His basic argument - the argument that he expects people to take seriously - is that everything is either christian or non-christian. And if it's non-christian, then christians shouldn't look at it, listen to it, or study it. And you can't ever make anything that started out non-christian christian.

then after his quote of Jehle (that I quoted in my previous post):

Yeah. Seriously. Math is Bad, because it's not explicitly christian. I mean, it uses zero, which was invented by a hindu, and brought to europe by muslims. Algebra was invented by muslims! The word "algorithm" comes from the name of a muslim mathematician!

Uh-oh... I just realized that the alleged "Doctor" Jehle has a very serious problem. The way that we geeks heard his talk to write about it is because it was digitized - using a thoroughly non-christian technology - and posted on the internet, which is built using those non-christian algorithms. And to quite Jehle himself:

But the issue is you cannot combine something by its nature which is pagan and built on humanistic principles and make it Christian by a magic wand.

So the internet, and computers, and digital recording, and the data compression that makes streaming audio work - they're non-christian. And you cannot combine something non-Christian with something Christian.

[link]


amych - Aug 08, 2006 4:19:43 pm PDT #1518 of 10001
Now let us crush something soft and watch it fountain blood. That is a girlish thing to want to do, yes?

And you can't ever make anything that started out non-christian christian.

Damn. Not even, say, St. Paul?


tommyrot - Aug 08, 2006 4:21:15 pm PDT #1519 of 10001
Sir, it's not an offence to let your cat eat your bacon. Okay? And we don't arrest cats, I'm very sorry.

I can't help myself:

Differentiation is an operator on functions that takes one functions and transforms it into another form. The new form is related to the old form--the derivative tells interesting information about how the original function behaves graphically--but it is a completely new function. When someone accepts Jesus as Lord of their life and gives themselves wholly to God as one of His creatures, a similar transformation occurs."

...

"Once a person has been called to be a Christian, we are redeemed by Christ but not released from following the law of God. We are justified once but continue with the process of sanctification for the remainder of our lives. This sanctification process is like the limit process of the secant lines approaching the tangent line."

[link]


aurelia - Aug 08, 2006 4:21:49 pm PDT #1520 of 10001
All sorrows can be borne if you put them into a story. Tell me a story.
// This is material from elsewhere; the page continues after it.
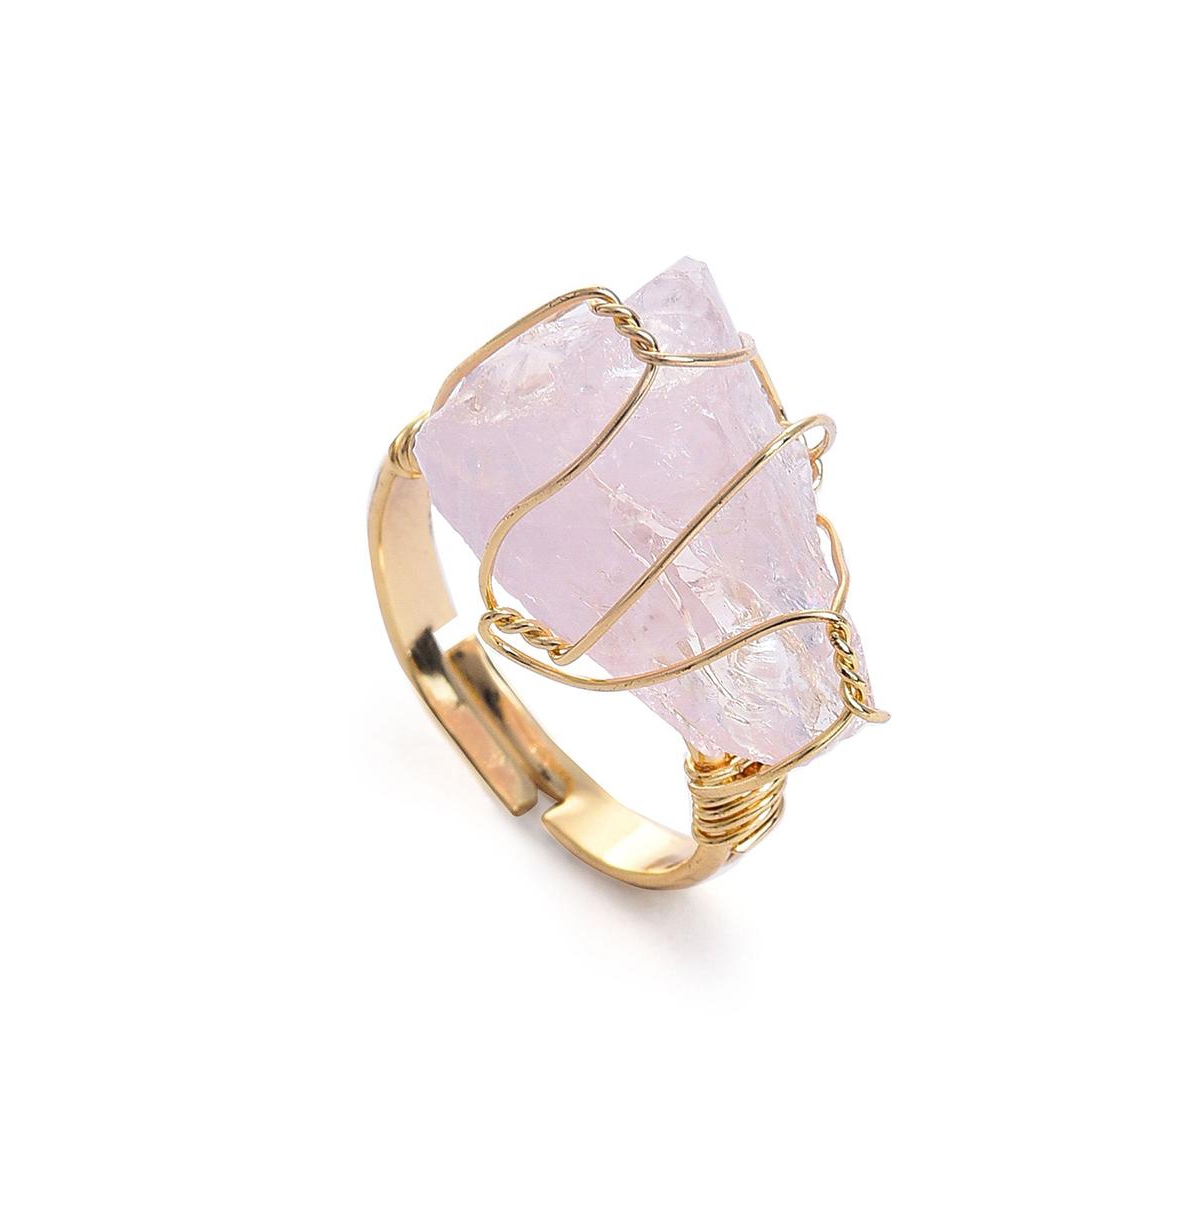 Sohi Women's White Abstract Stone Cocktail Ring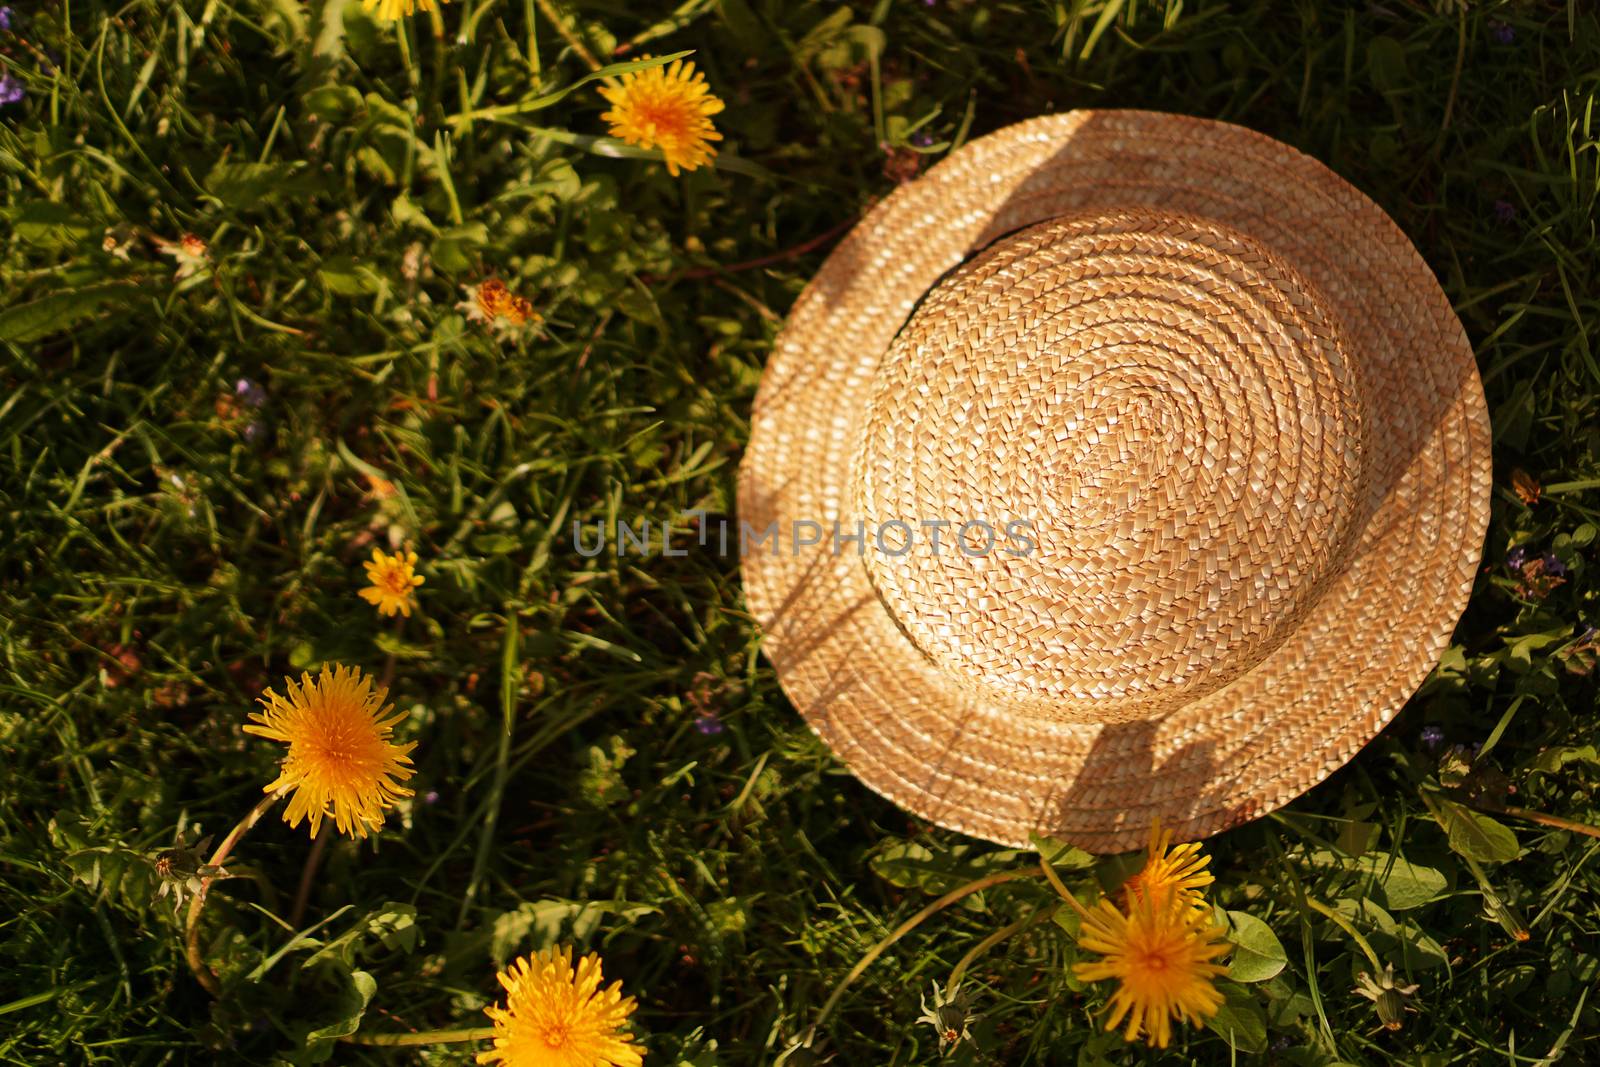 Spring Landscape with dandelions. Yellow flowering meadow. Nature background. Garden with straw hat. Flowers.

So the internet, and computers, and digital recording, and the data compression that makes streaming audio work - they're non-christian. And you cannot combine something non-Christian with something Christian.

If that includes amps, electric guitars and whatnot do they have to take back Stryper?


Zenkitty - Aug 08, 2006 4:24:01 pm PDT #1521 of 10001
Every now and then, I think I might actually be a little odd.

Wait, if mathematics is non-Christian, how can he justify explaining Christianity using math as his metaphor?


tommyrot - Aug 08, 2006 4:24:43 pm PDT #1522 of 10001
Sir, it's not an offence to let your cat eat your bacon. Okay? And we don't arrest cats, I'm very sorry.

If that includes amps, electric guitars and whatnot do they have to take back Stryper?

Heh.

Didn't Stryper abandon Christian rock for, um... secular rock? Or am I thinking of some other Christian band?